Would you repeat the listing below verbatim and drop the images?

== Information provided

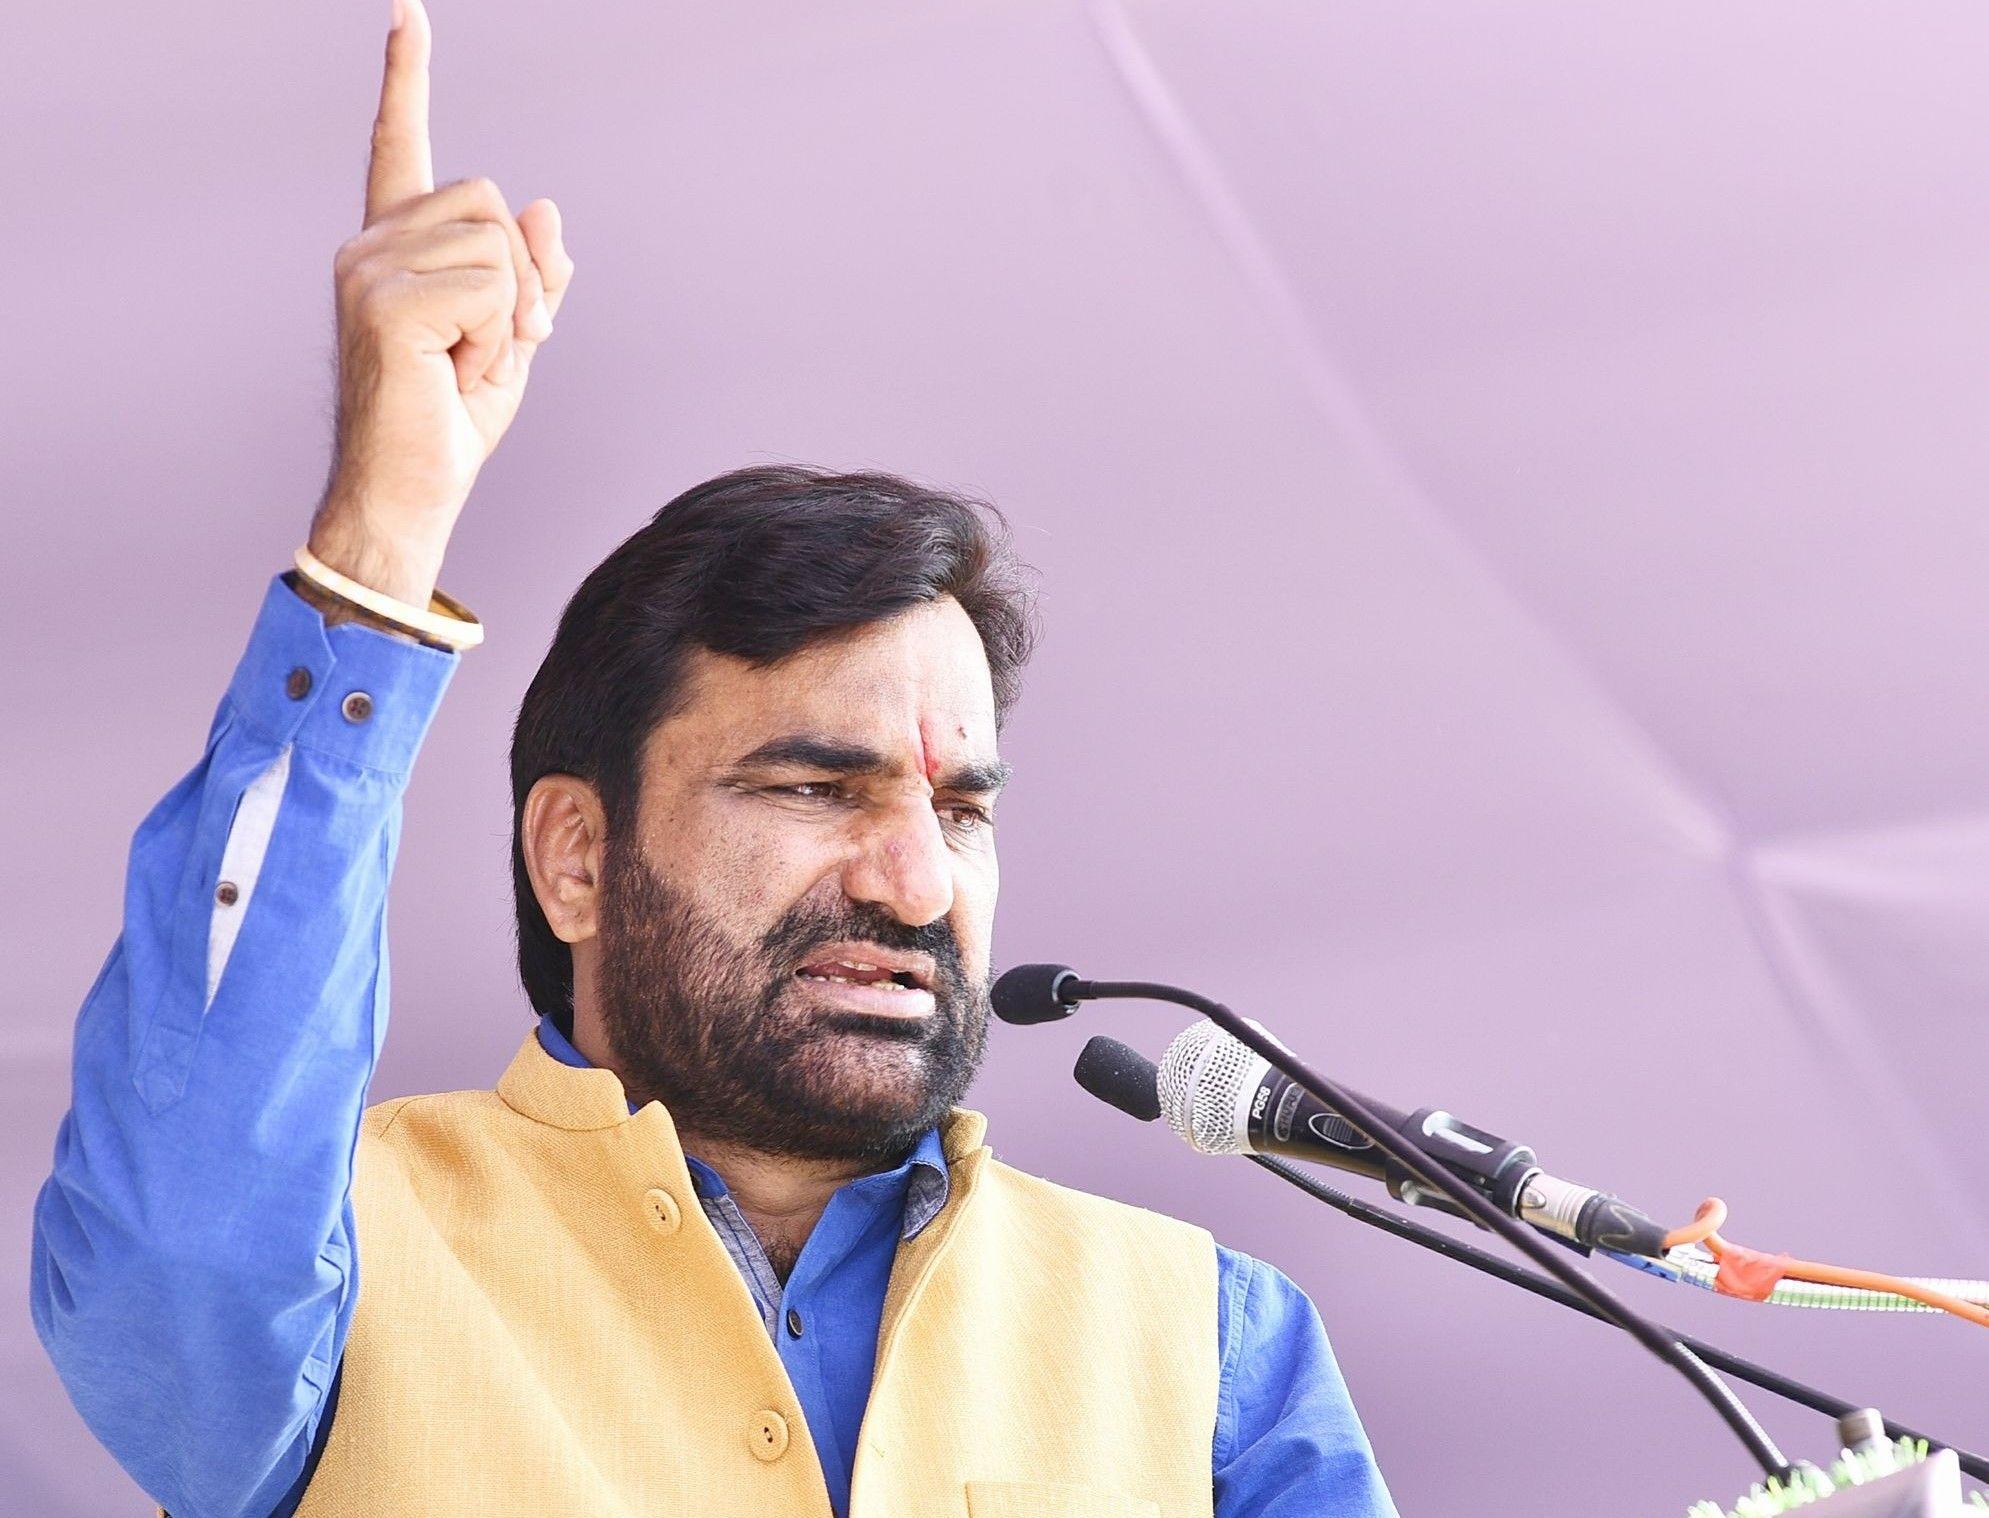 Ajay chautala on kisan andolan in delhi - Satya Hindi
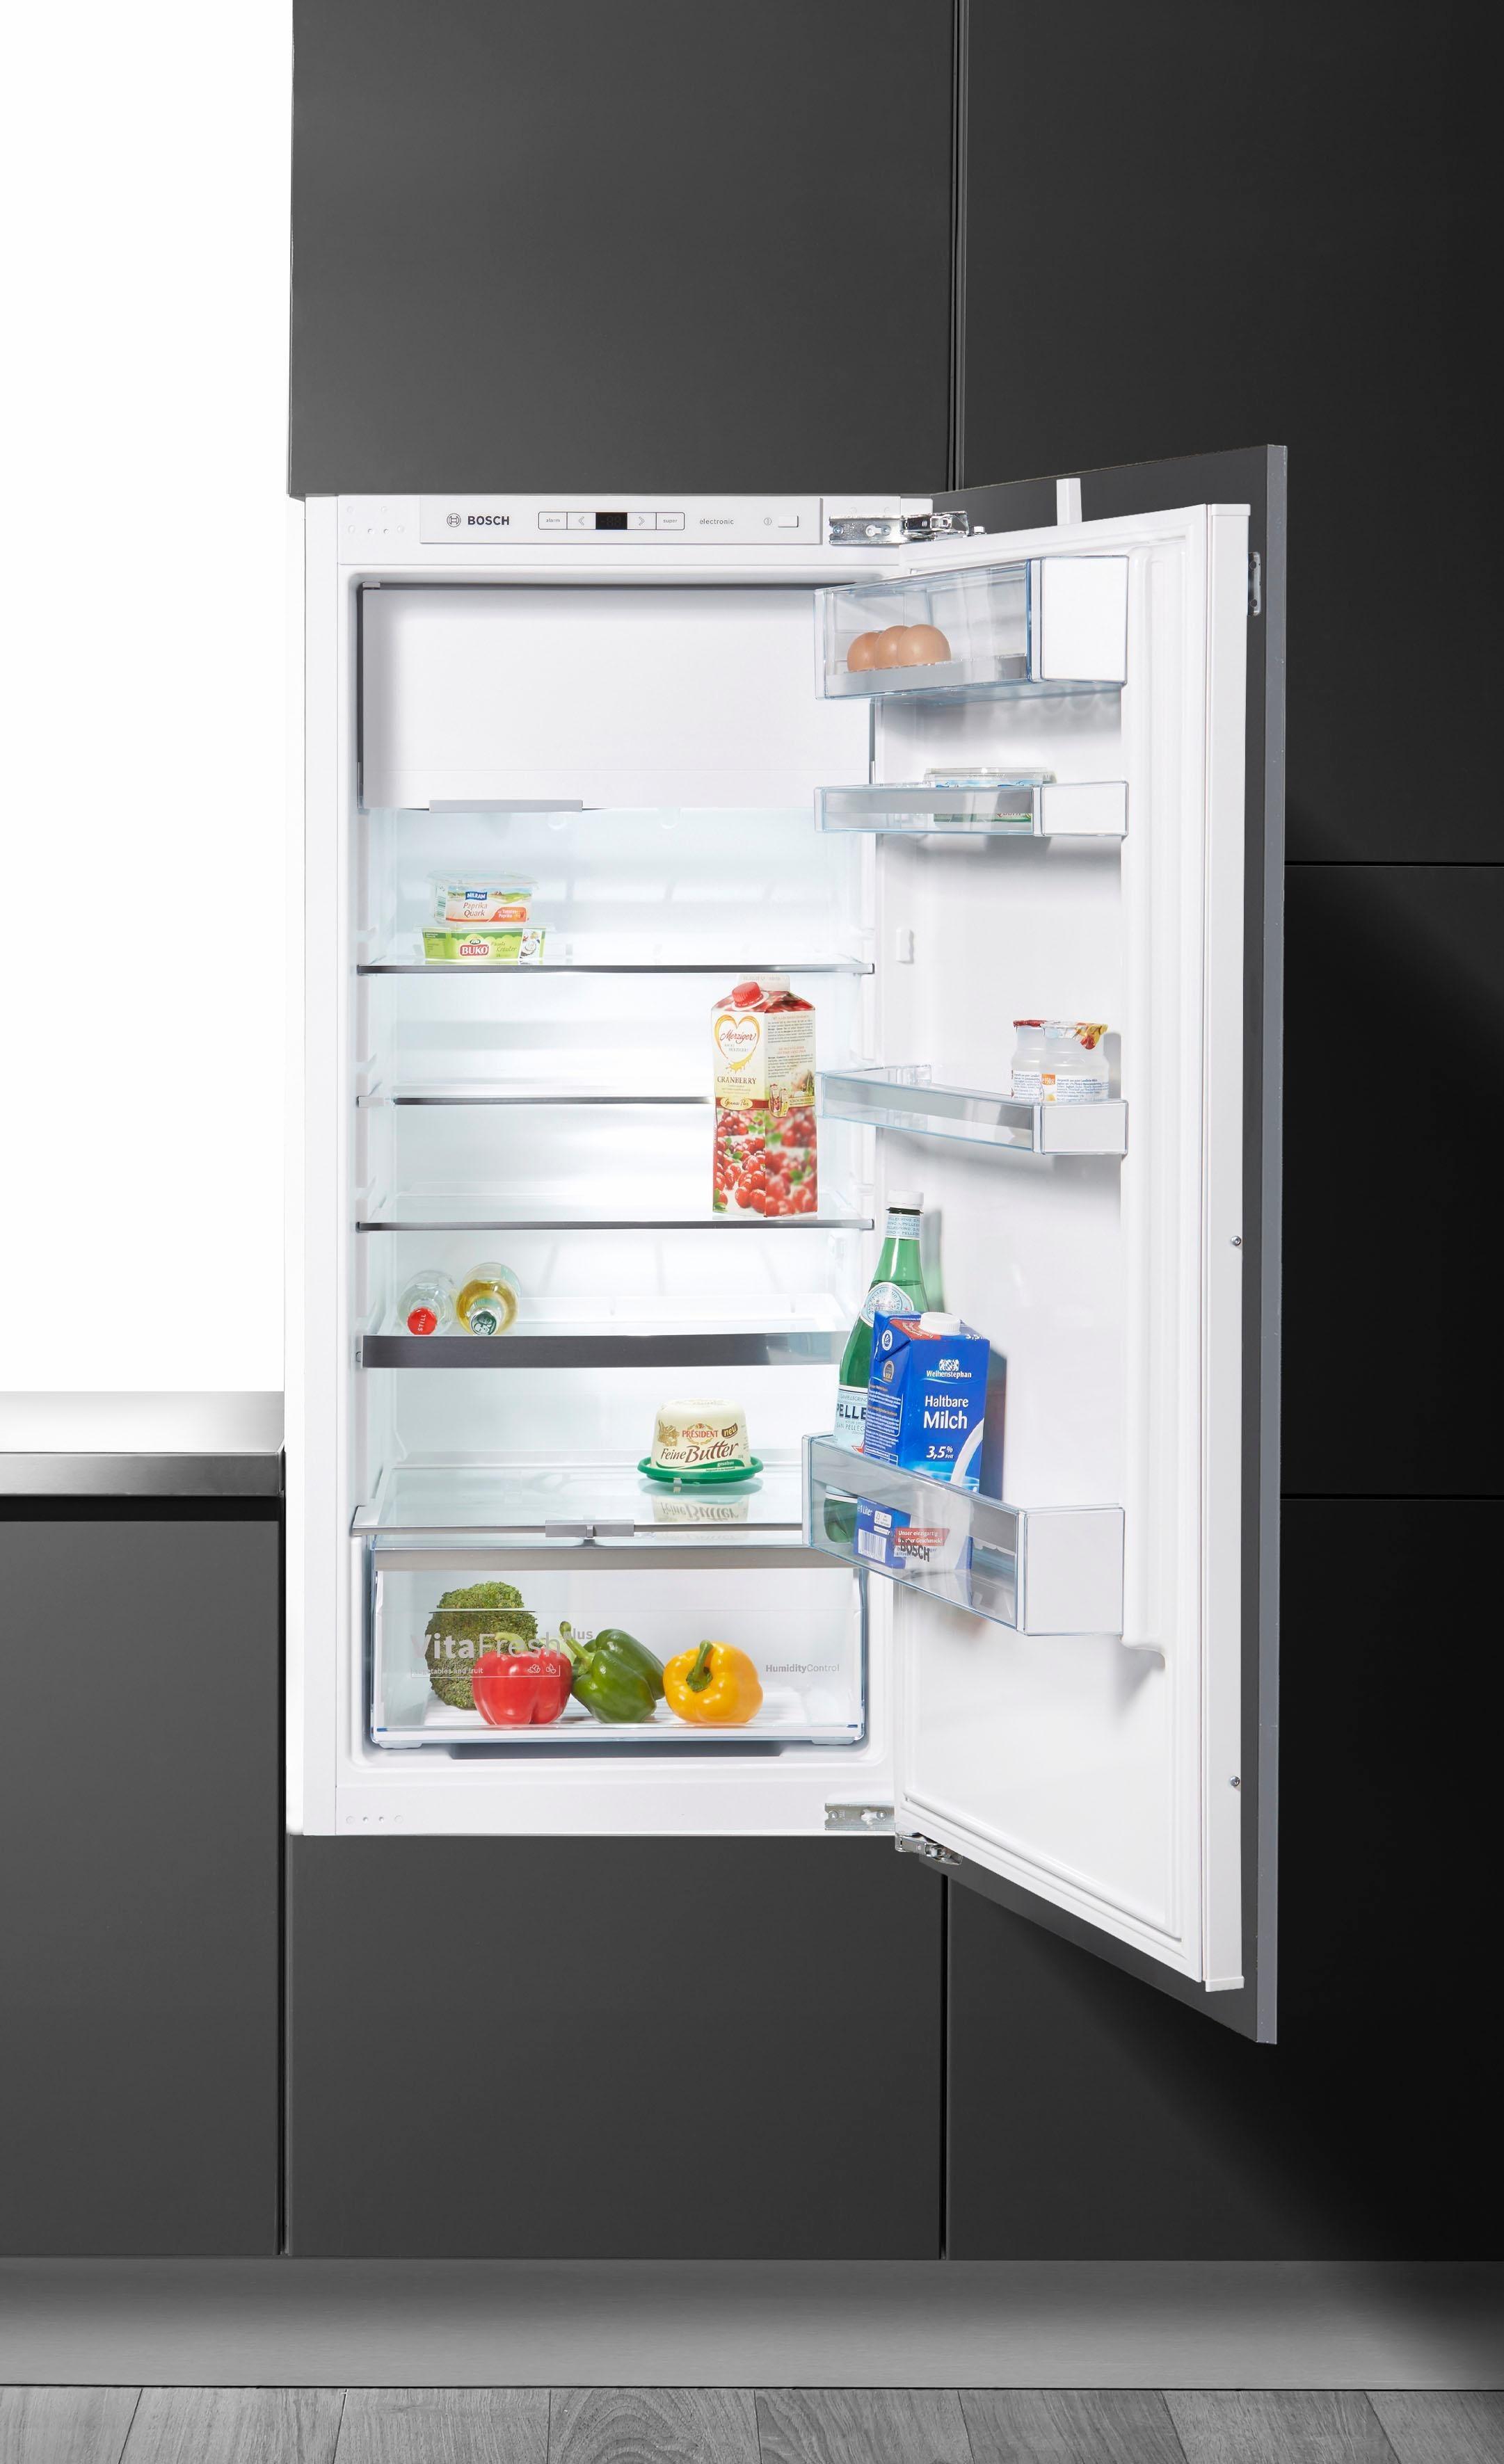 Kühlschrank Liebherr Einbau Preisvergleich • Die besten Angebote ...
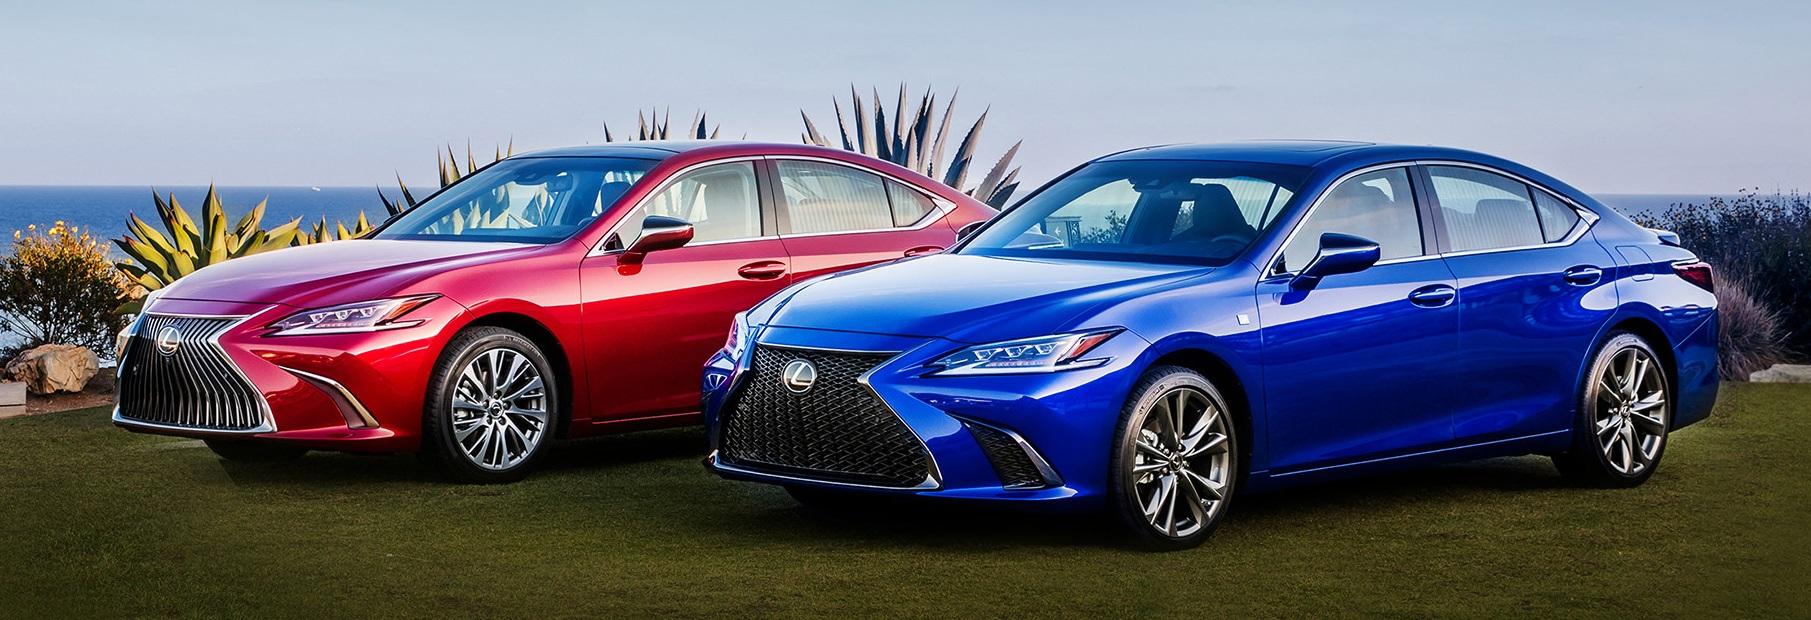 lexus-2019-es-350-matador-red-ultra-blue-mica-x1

====

Exercise response
 Ajay chautala on kisan andolan in delhi - Satya Hindi
 Kühlschrank Liebherr Einbau Preisvergleich • Die besten Angebote ...
 lexus-2019-es-350-matador-red-ultra-blue-mica-x1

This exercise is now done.